> **What you have to do**: Output the whole listing exactly, with no pictures.

> **Stored data**:

────────────────────────────────────────

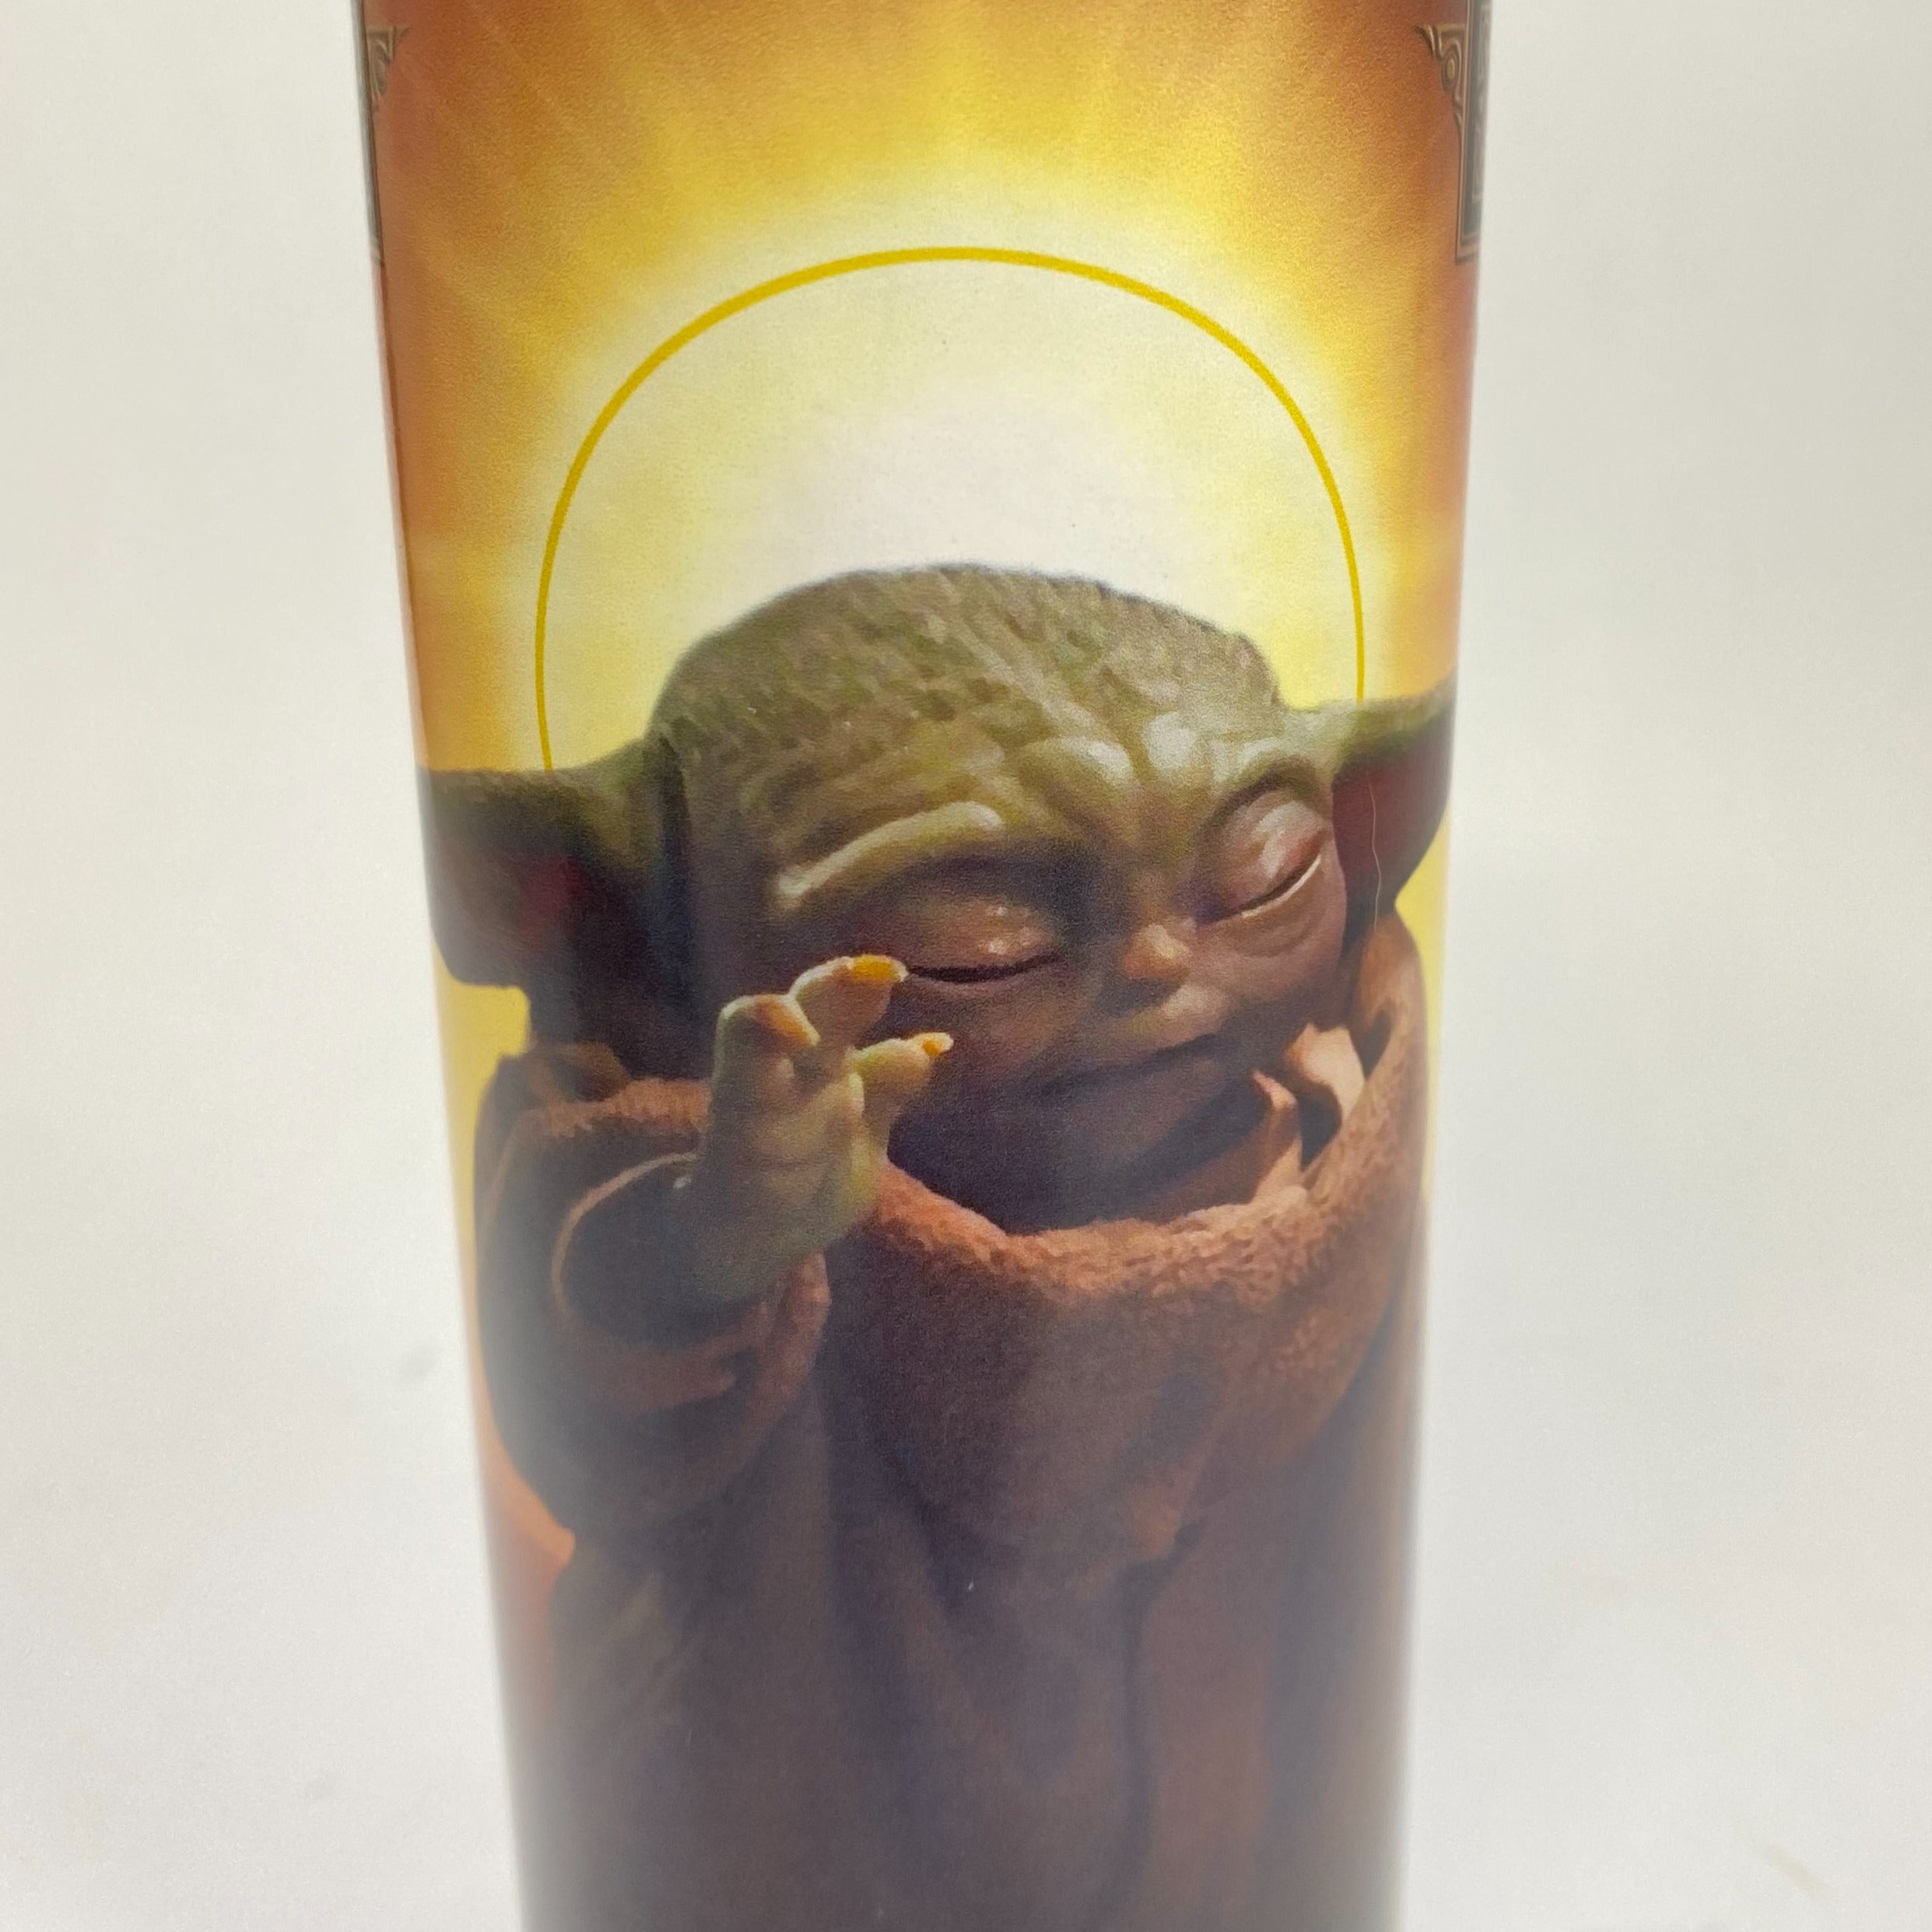 Baby Yoda / Grogu Inspired Candle
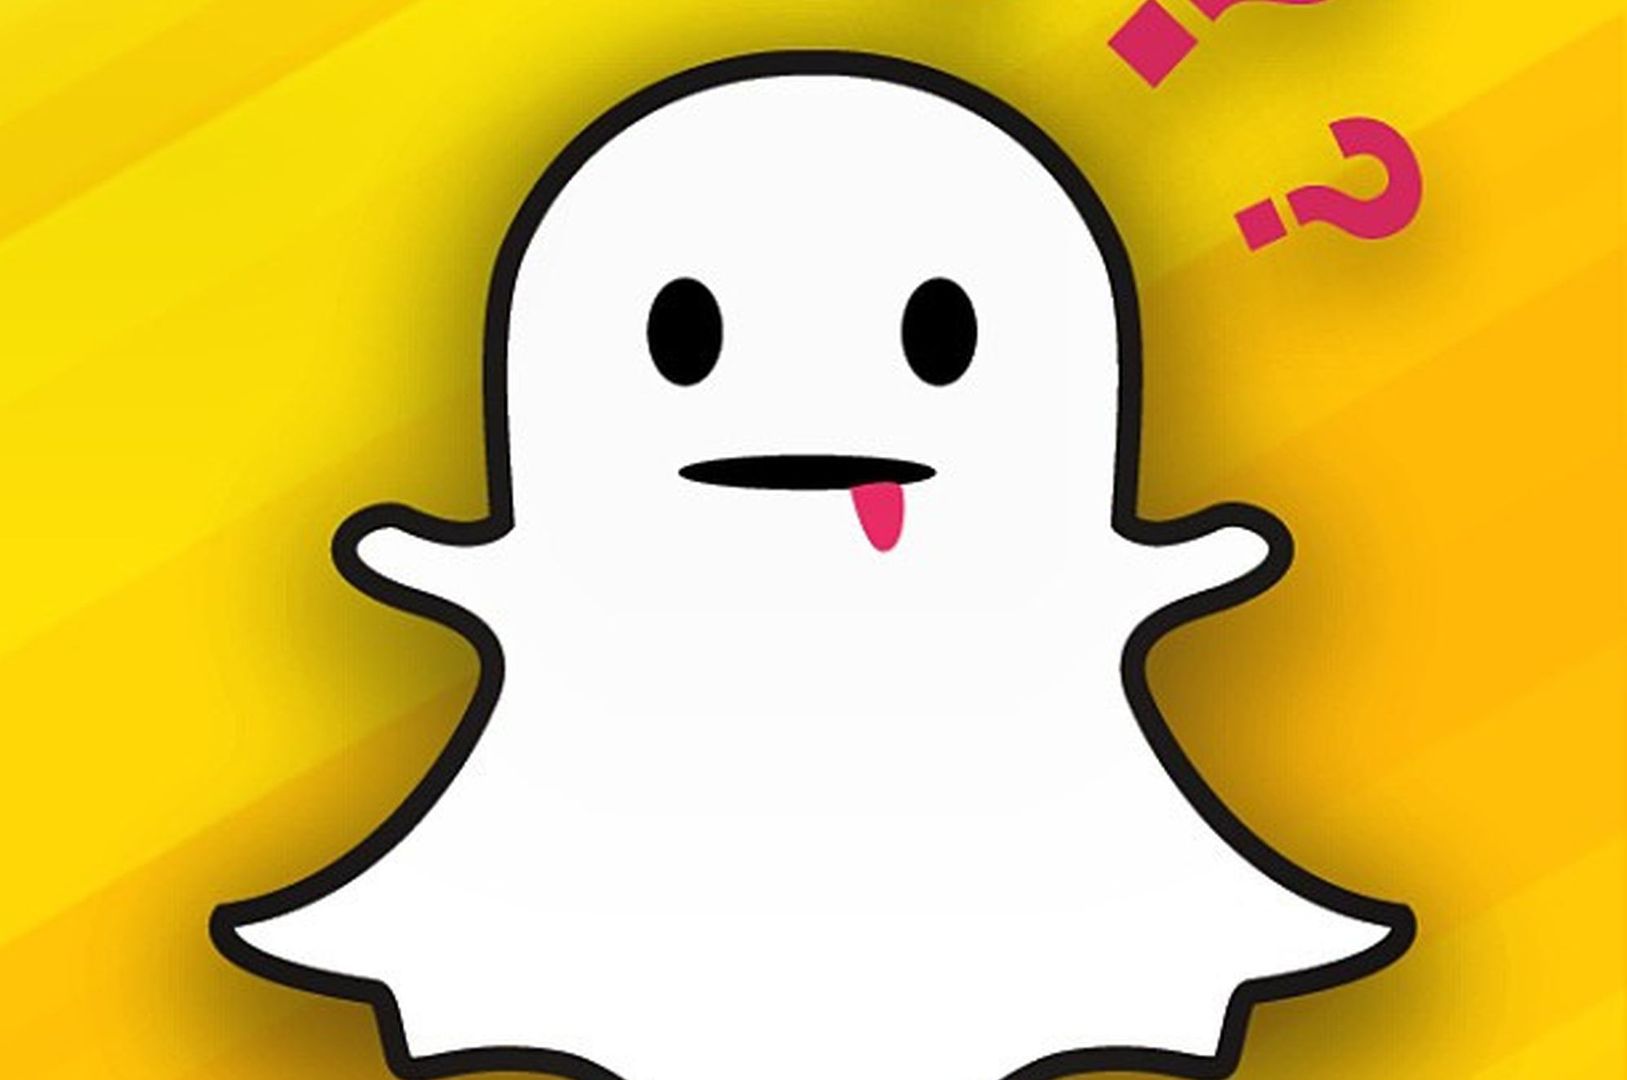 Facebook chce wygryźć z rynku Snapchata? Będzie spora rewolucja
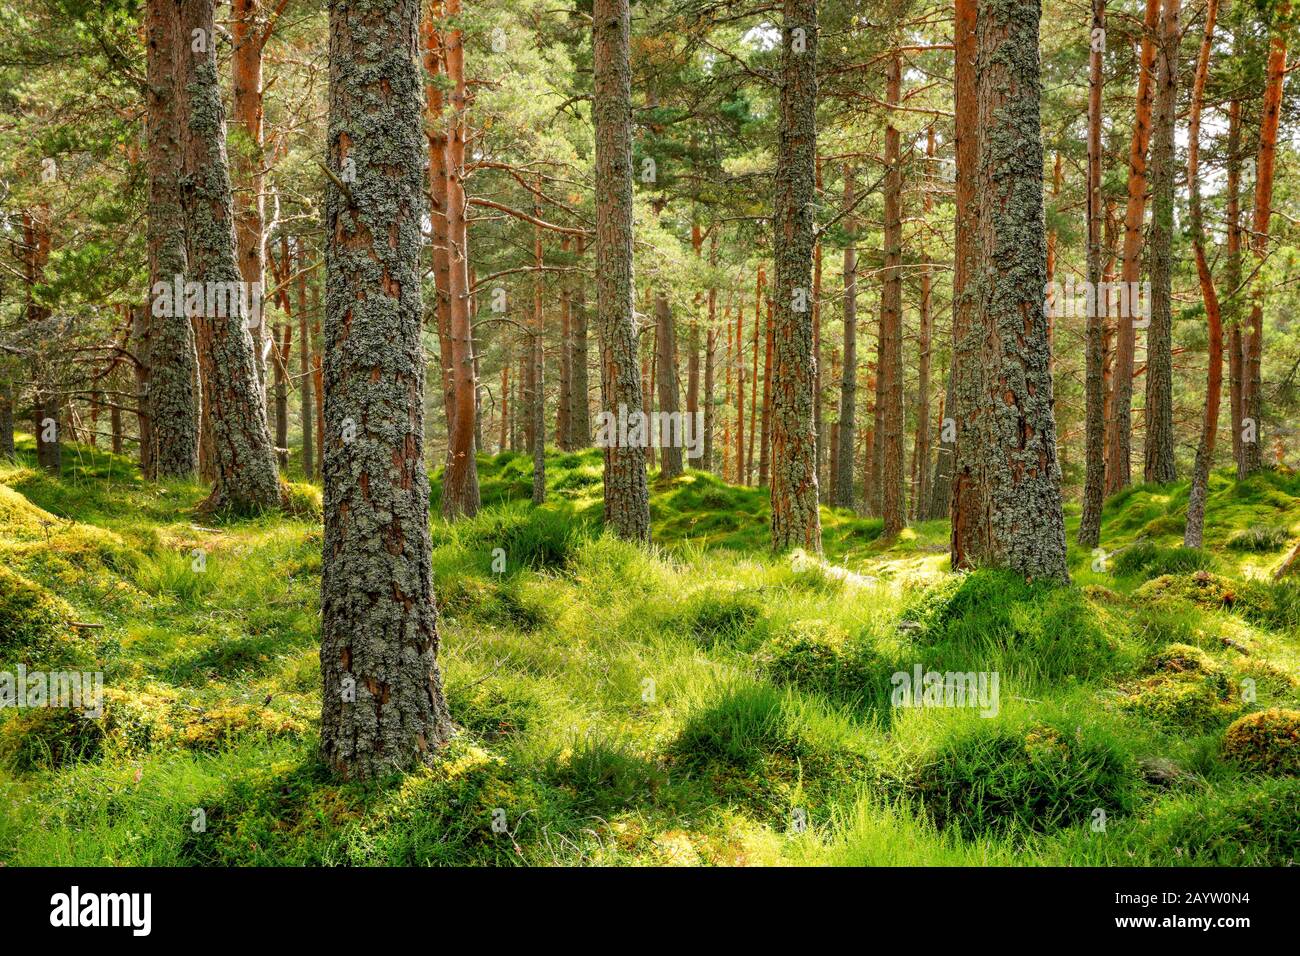 Pino escocés, pino escocés (Pinus sylvestris), madera de pino con brezo, Suiza Foto de stock

────────────────────────────────────────

> **Solution to this task**:
 Baby Yoda / Grogu Inspired Candle
 Facebook chce wygryźć z rynku Snapchata? Będzie spora rewolucja
 Pino escocés, pino escocés (Pinus sylvestris), madera de pino con brezo, Suiza Foto de stock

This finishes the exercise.